Haqzad, Yama; Loubani, Mahmoud; Chaudhry, Mubarak; Ariyaratnam, Priyadharshanan; Briffa, Norman.
Afiliación
  • Haqzad Y; Department of Cardiothoracic Surgery, Castle Hill Hospital, Cottingham, UK yama.haqzad@hey.nhs.uk.
  • Loubani M; Department of Cardiothoracic Surgery, Castle Hill Hospital, Cottingham, UK.
  • Chaudhry M; Department of Cardiothoracic Surgery, Castle Hill Hospital, Cottingham, UK.
  • Ariyaratnam P; Department of Cardiothoracic Surgery, Castle Hill Hospital, Cottingham, UK.
  • Briffa N; Department of Cardiothoracic Surgery, Northern General Hospital, Sheffield, UK.
Interact Cardiovasc Thorac Surg ; 22(5): 599-605, 2016 05.
Article en En | MEDLINE | ID: mdl-26892194
ABSTRACT

OBJECTIVES:

Studies suggest that the use of semicontinuous suture (SC) technique increases the risk of redo valve surgery after aortic valve replacement (AVR).

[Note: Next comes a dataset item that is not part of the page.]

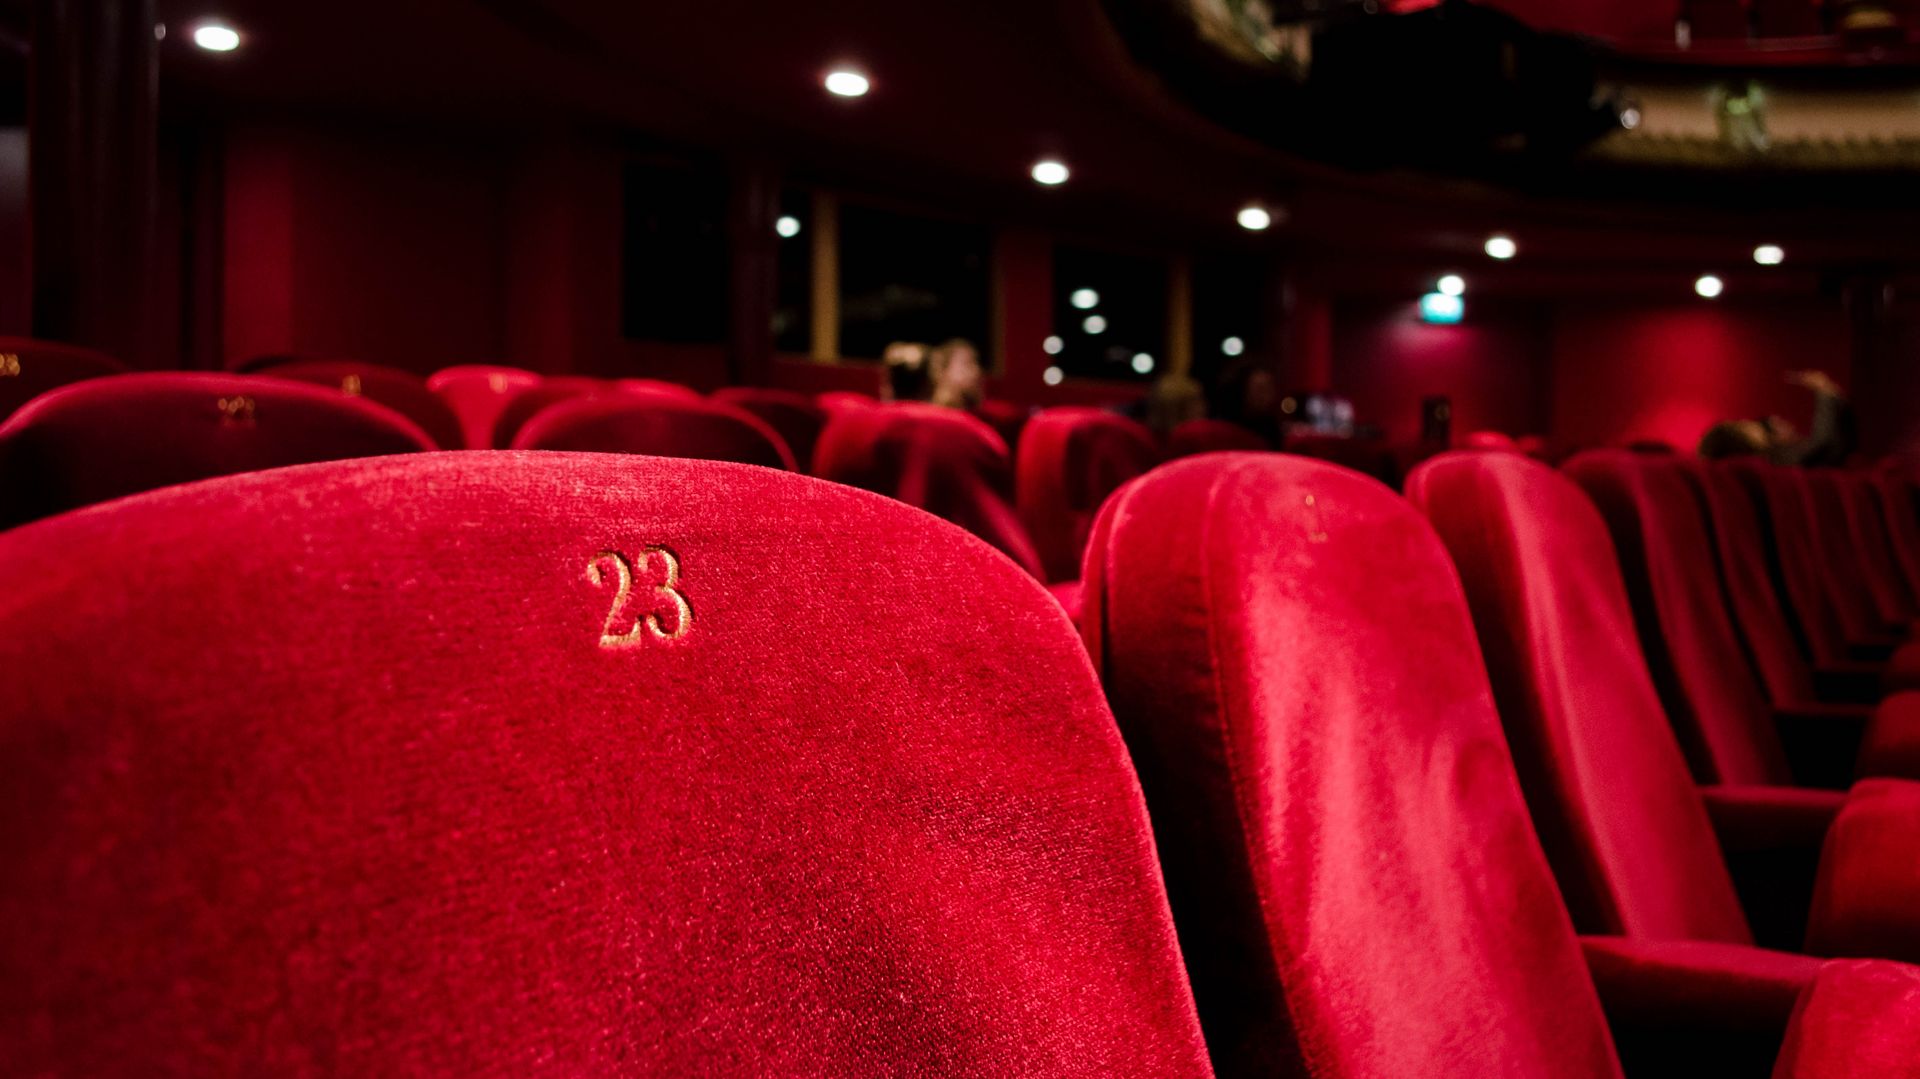 Rijen rode zitjes in een donkere theaterzaal.

The objective of this study was to identify 30-day mortality, rate of redo operation and long-term outcomes after AVR using either a semicontinuous suture or interrupted suture (IS) technique.

METHODS:

A total of 1617 patients from 2 cardiothoracic centres, undergoing isolated AVR between April 2005 and August 2013 were included. AVR was performed using SC technique in 765 patients and IS technique in 852 patients. Data were collected prospectively and follow-up was obtained to date for all patients. We compared 30-day mortality, rate of redo operation and long-term mortality in SC and IS groups. One-to-one propensity-matching analysis was performed using IBM SPSS version 22 to evaluate outcomes.

RESULTS:

Four hundred and eleven patients in the SC group were matched to 411 patients in the IS group (total of 822 patients) using propensity-score matching. The baseline characteristics were similar between SC and IS groups after matching. There were no statistically significant differences in 30-day mortality (3.9 vs 2.7%; P = 0.328), long-term mortality at 9-year follow-up (14.4 vs 15.3%; log-rank = 0.524) or rate of redo surgery (2.9 vs 2.0%; P = 0.320) between SC and IS, respectively. However, shorter cross-clamp time (51.9 ± 15.2 vs 60.9 ± 17.6 min; P < 0.001), bypass time (71.3 ± 23.0 vs 81.3 ± 37.8 min; P < 0.001) and the use of larger valve sizes (23.4 ± 2.1 vs 21.9 ± 2.2 mm; P < 0.001) were observed in SC patients compared with IS patients. Multivariate analysis did not show the suture technique as a significant determinant of redo valve surgery.

CONCLUSIONS:

This multicentre study demonstrates that neither mortality nor the risk of redo surgery was influenced by the choice of implantation technique using semicontinuous vs interrupted suture techniques. The SC technique allowed shorter operations and larger size valves to be utilized.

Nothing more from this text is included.